2. The utility model discloses borrow the cooperation of borrowing by first trigger module and controller and make the mechanism that cleans that is in the connected mode that floats switch over to the rigid connection mode again for the vehicle is gone and is utilized to clean the mechanism and implement stable operation that cleans again after driving into the road surface again.

3. The spring has the functions that: after the vehicle drives into the flat road surface again from the bumpy road surface, before the first valve is switched to the second state again, the spring is used for enabling the first piston to be located at the lowest end, so that when the first valve is switched to the second state, the extending amount of the piston rod is consistent with the extending amount of the piston rod before passing through the bumpy road surface, and therefore the state of the cleaning mechanism can be consistent with the state of the cleaning mechanism before passing through the bumpy road surface under the triggering action of the first trigger module.

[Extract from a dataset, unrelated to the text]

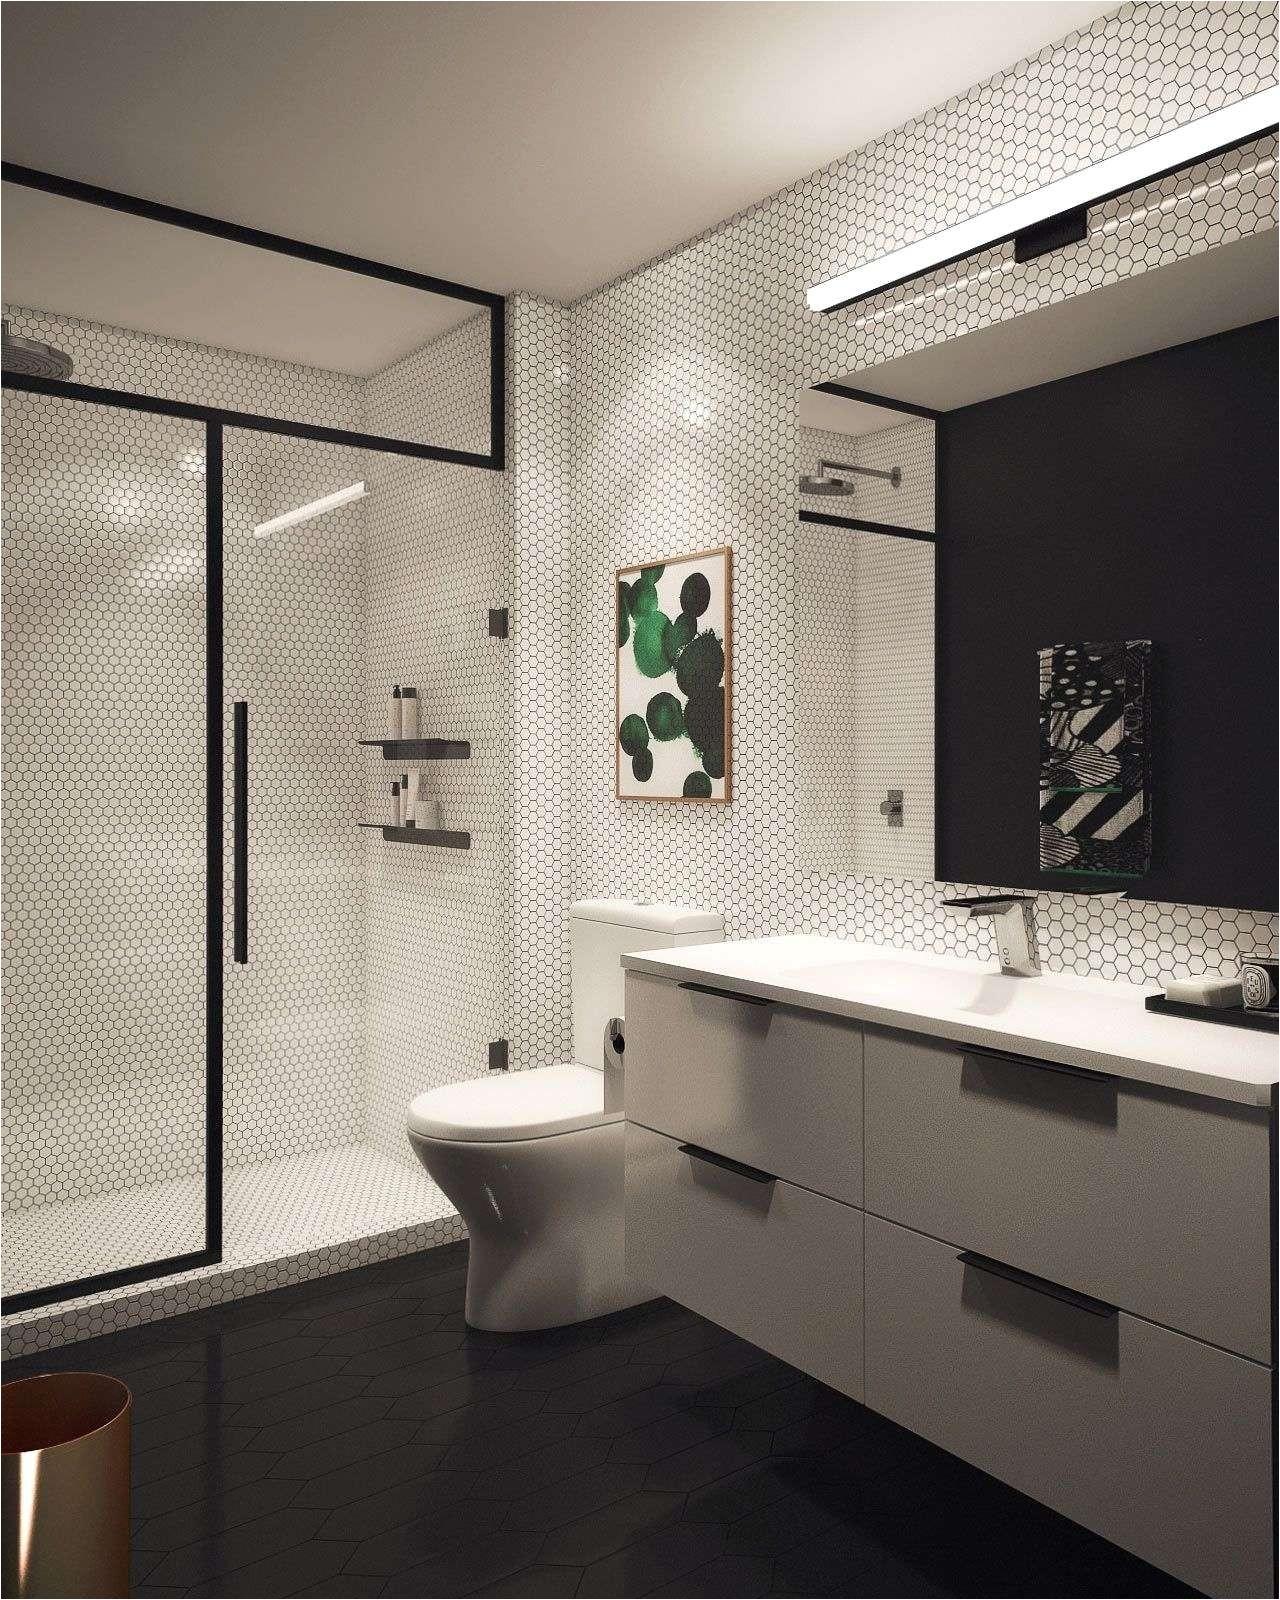 Bathroom Design Ideas for Small Bathrooms Pictures Bathroom Design Ideas for Small Bathrooms Valid Lovely Small

4. The second piston and the spiral pad are arranged to function as: when the impact exceeds the set impact, the first valve needs a period of time for switching, during the switching period, the rodless cavity and the rod cavity are still in a cut-off or semi-conductor state, at the moment, the second piston timely absorbs a part of the impact through the compression of the spiral spring pad so as to reduce the impact on the disc body and the piston rod before the first valve is completely switched to the first state.

5. The oil replenishing pump is used for supplying hydraulic oil to the rodless cavity. So that the sum of the hydraulic oil in the rodless chamber and the rodless chamber is constant.

It is to be understood that both the foregoing general description and the following detailed description are exemplary and explanatory only and are not restrictive of the invention.

The summary of various implementations or examples of the technology described in this disclosure is not a comprehensive disclosure of the full scope or all features of the disclosed technology.

Drawings

In the drawings, which are not necessarily drawn to scale, like reference numerals may describe similar components in different views. Like reference numerals having letter suffixes or different letter suffixes may represent different instances of similar components. The drawings illustrate various embodiments, by way of example and not by way of limitation, and together with the description and claims, serve to explain the embodiments of the invention. The same reference numbers will be used throughout the drawings to refer to the same or like parts, where appropriate. Such embodiments are illustrative, and are not intended to be exhaustive or exclusive embodiments of the present apparatus or method.

Fig. 1 is a front view of a sweeping system according to an embodiment of the present invention.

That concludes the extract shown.